Women held just over 14 percent of executive officer positions at Fortune 500 companies this year and 16.6 percent of board seats at the same. Adding insult to injury, an even smaller percent of those female executive officers are counted among the highest earners—less than 8 percent of the top earner positions were held by women. Meanwhile, a full quarter of these companies simply had no women executive officers at all and one-tenth had no women directors on their boards. […]

Did this year represent a step forward? Not even close. Women’s share of these positions went up by a mere half of a percentage point or less last year. Even worse, 2012 was the seventh consecutive year in which we haven’t seen any growth in board seats and the third year of stagnation in the C-suite.

Overall, more than one-third of companies have no women on their board of directors. But economic evidence shows that keeping women out of the board room is a mistake.
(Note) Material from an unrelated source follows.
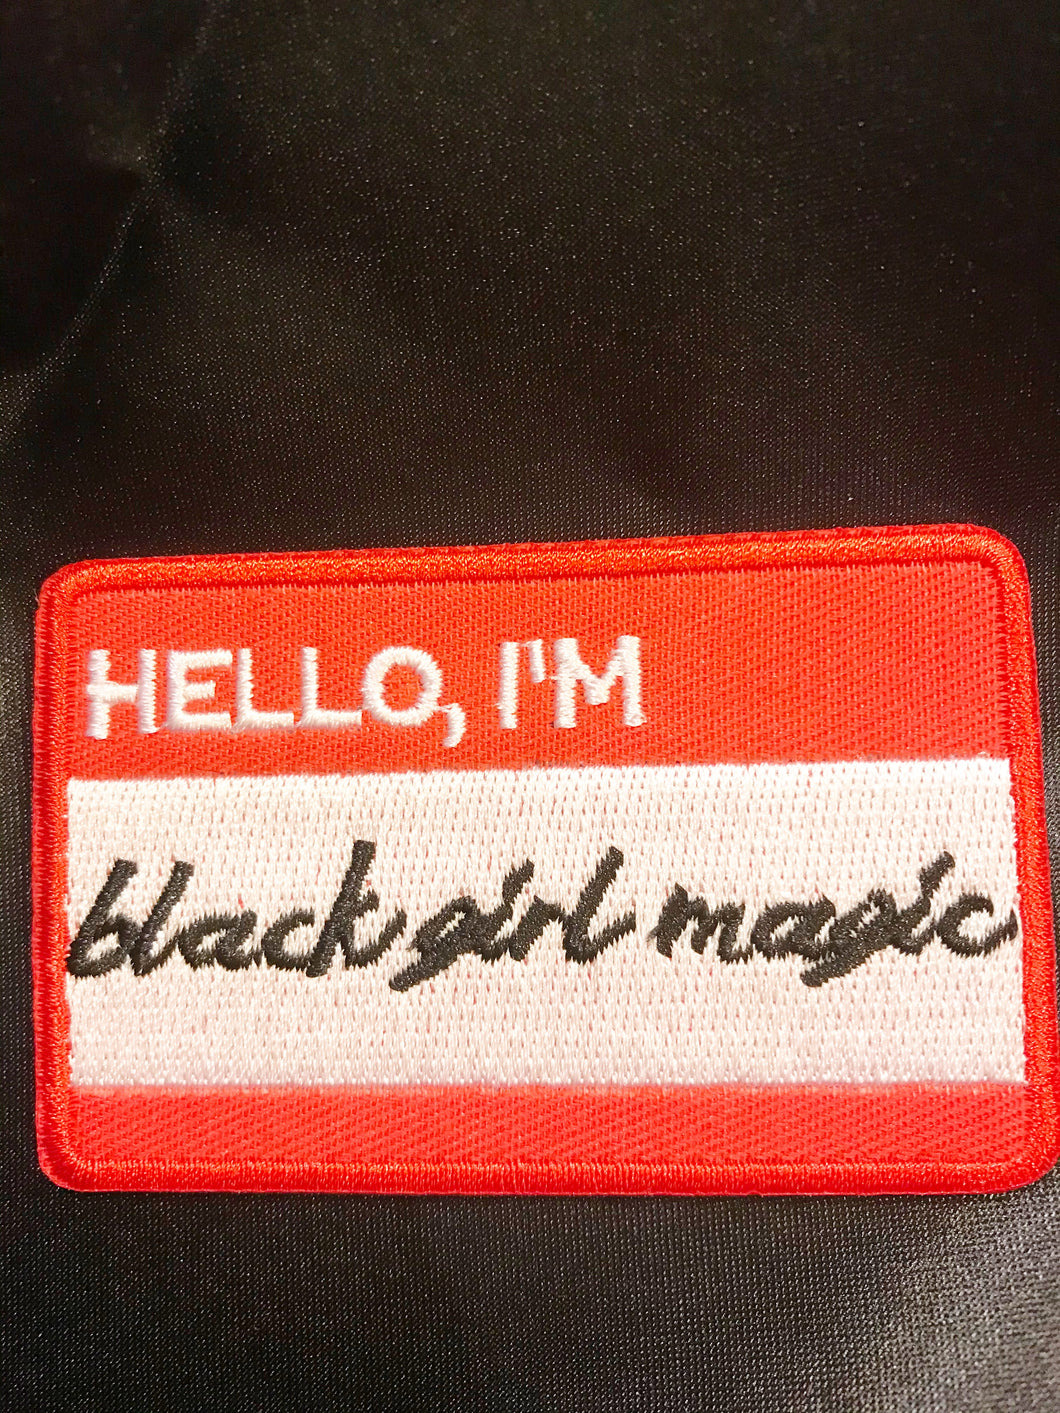 Black Girl Magic Name Tag Patch

According to work by the Credit Suisse Research Institute, “companies with at least one woman on the board would have outperformed in terms of share price performance, those with no women on the board over the course of the past six years.”

This post was originally posted on Think Progress on December 11, 2012. Reprinted with Permission.

About the Author:  Pat Garofalo is the Economic Policy Editor for ThinkProgress.org at the Center for American Progress Action Fund. Pat’s work has also appeared in The Nation, U.S. News & World Report, The Guardian, the Washington Examiner, and In These Times. He has been a guest on MSNBC and Al-Jazeera television, as well as many radio shows. Pat graduated from Brandeis University, where he was the editor-in-chief of The Brandeis Hoot, Brandeis’ community newspaper, and worked for the International Center for Ethics, Justice, and Public Life.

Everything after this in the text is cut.